Speaking to the media via teleconference on Tuesday, Erick said SOEs should not be thinking about their balance sheets at the moment but focus on playing their part in helping to curb the pandemic’s impact on the people and the economy.

He especially mentioned state airport operators PT Angkasa Pura (AP) I and AP II, as well as train operator PT Kereta Api Indonesia (KAI).

“They are all ready to book losses and keep their operations going,” said Erick.

Despite the declining demand for transportation modes such as trains, airplanes and ferries, Erick said state-owned firms would continue providing maximum service to the public.

He added that he had also told state-owned banks to maintain operations as they could play a part in helping the government disburse cash assistance to impacted families.

The ministry is also conducting reviews of the operations of transportation SOEs and maintaining talks with the government and local administrations on limiting their services.
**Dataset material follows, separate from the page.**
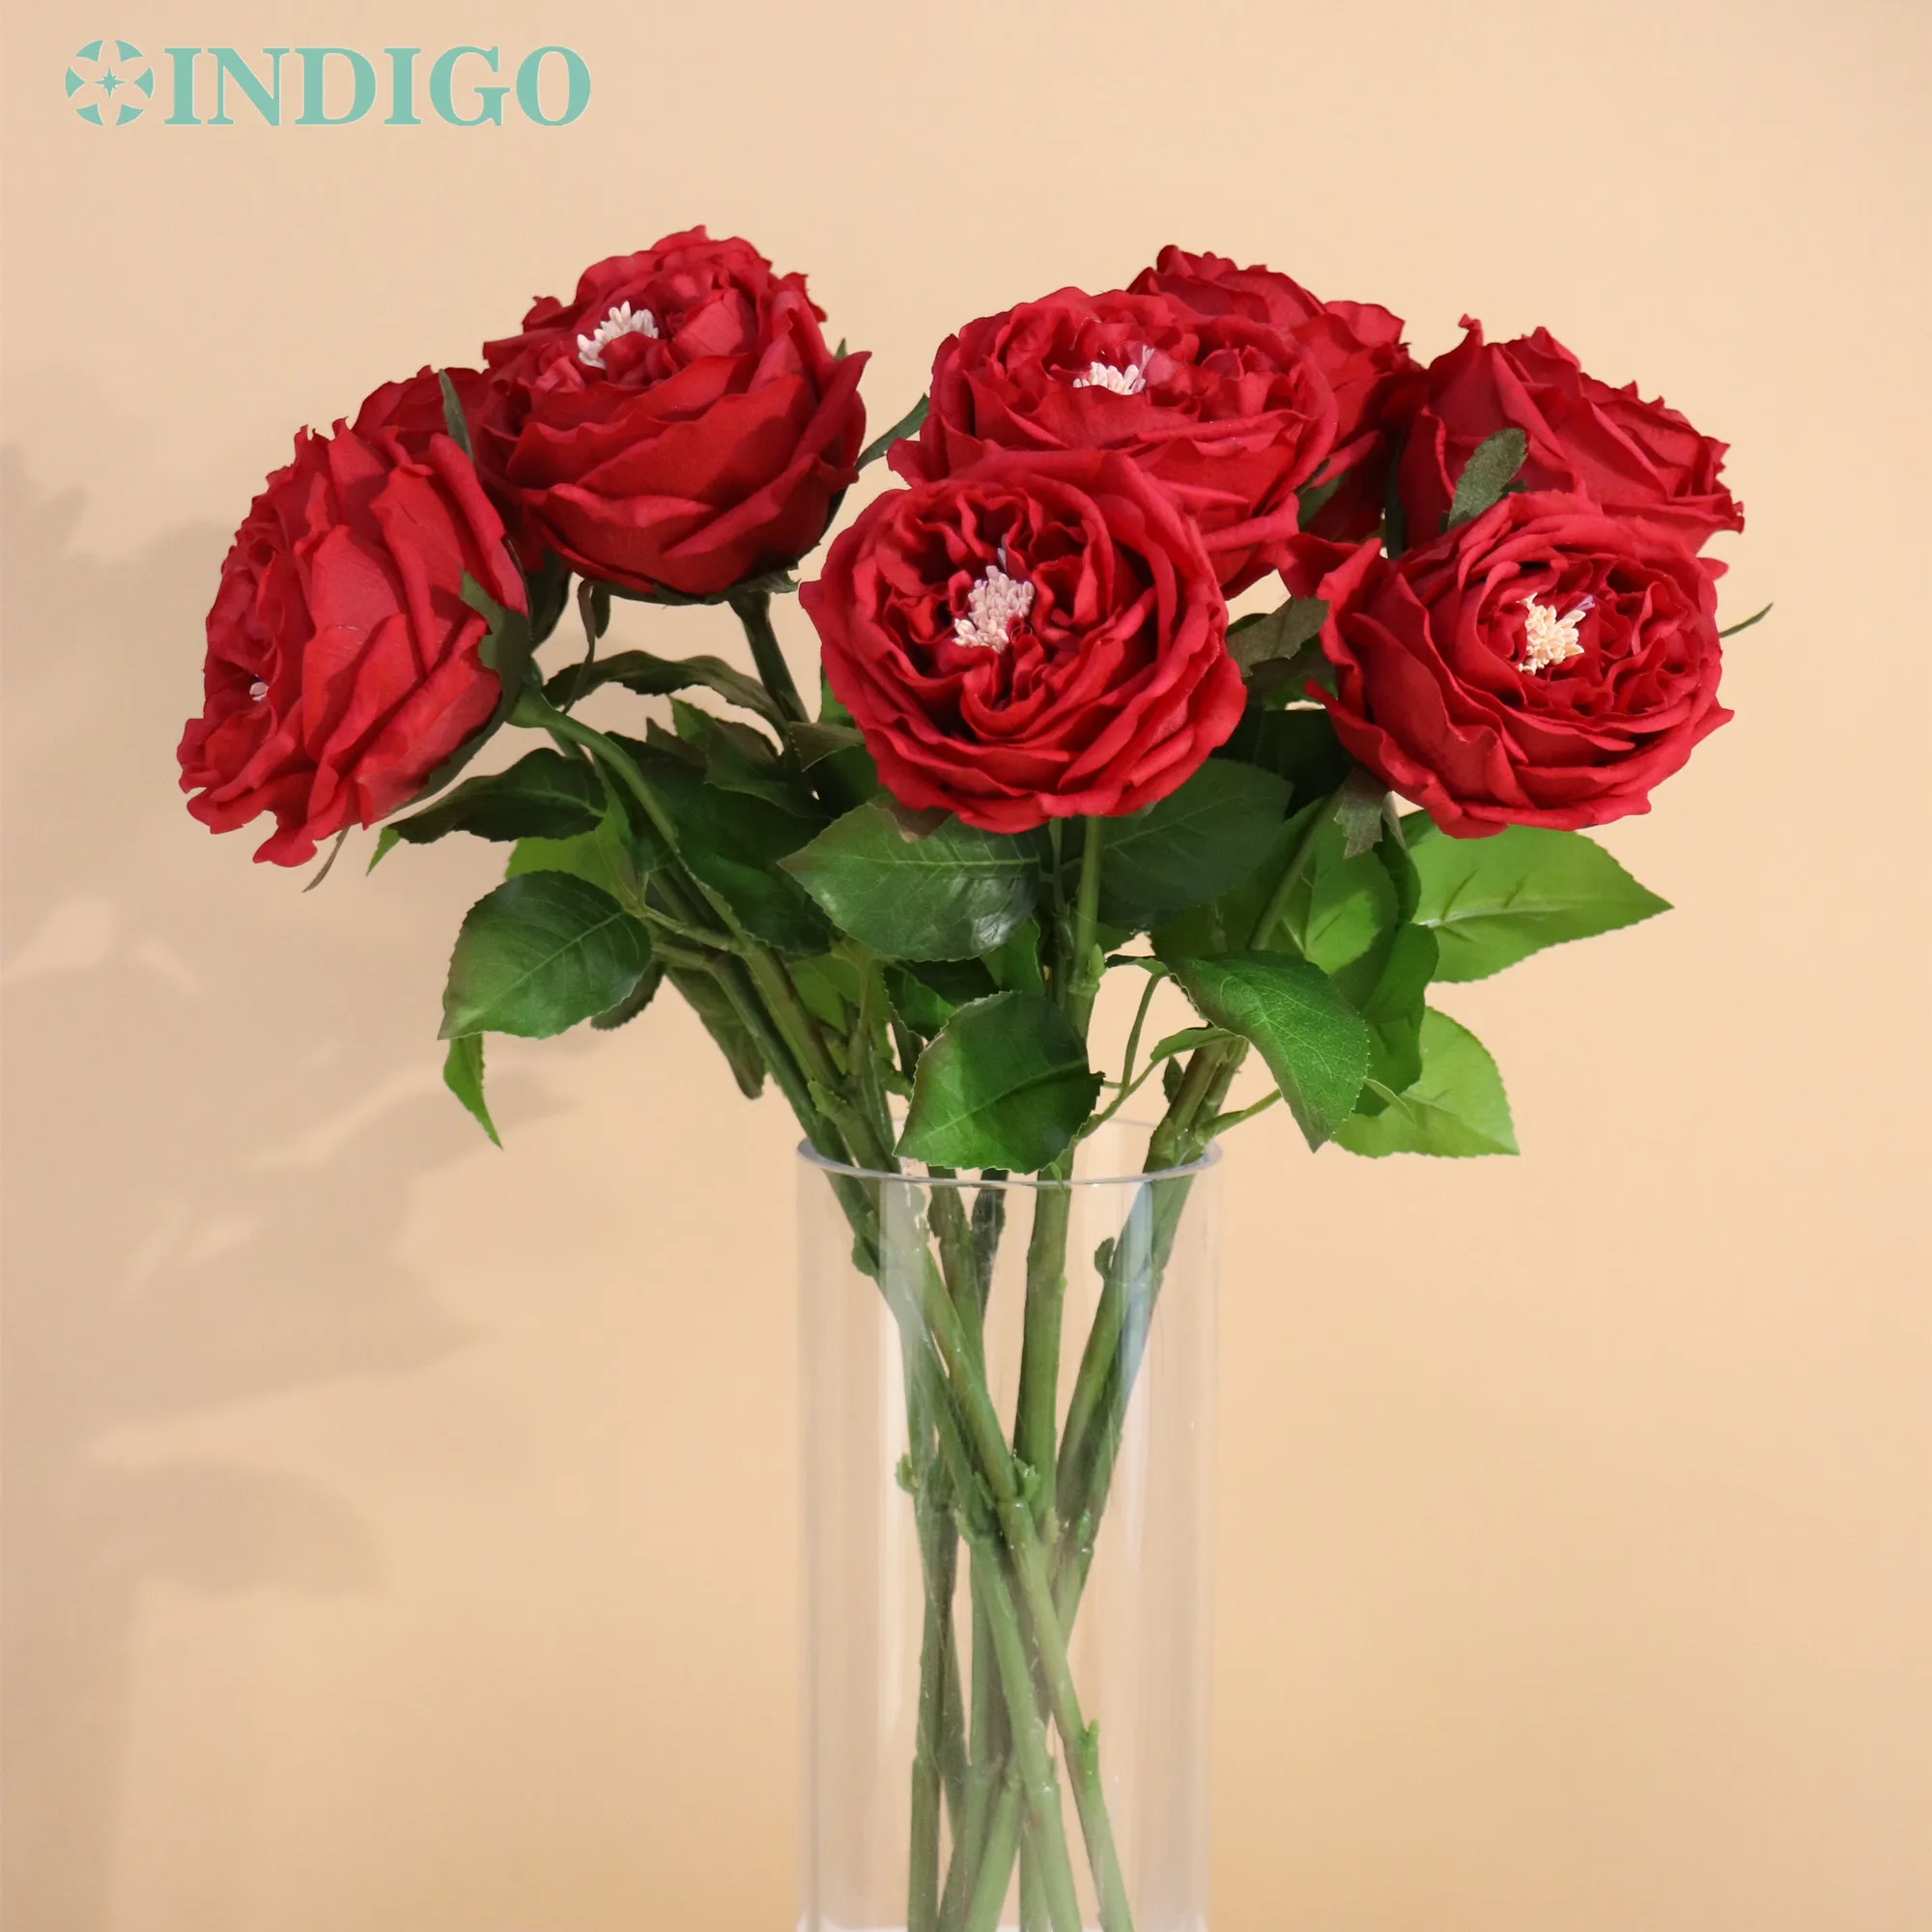 

INDIGO- Austin Rose Artificial Flower for Home Decoration, Latex Real Touch, Wedding, Event, Party Display, 5 Stems Per Lot

The government has urged Indonesians to work, study and pray from home and implement social distancing to slow down COVID-19 infections in Indonesia.

The SOEs Ministry may also propose incentives for state electricity firm PLN and telecommunications firm PT Telekomunikasi Indonesia (Telkom) to provide essential services for Indonesians as they stay at home, Erick said.

As of Tuesday, Indonesia has 686 confirmed cases of COVID-19 and 55 deaths. Globally, the pneumonia-like illness has infected over 381,000 people and claimed at least 16,500 lives.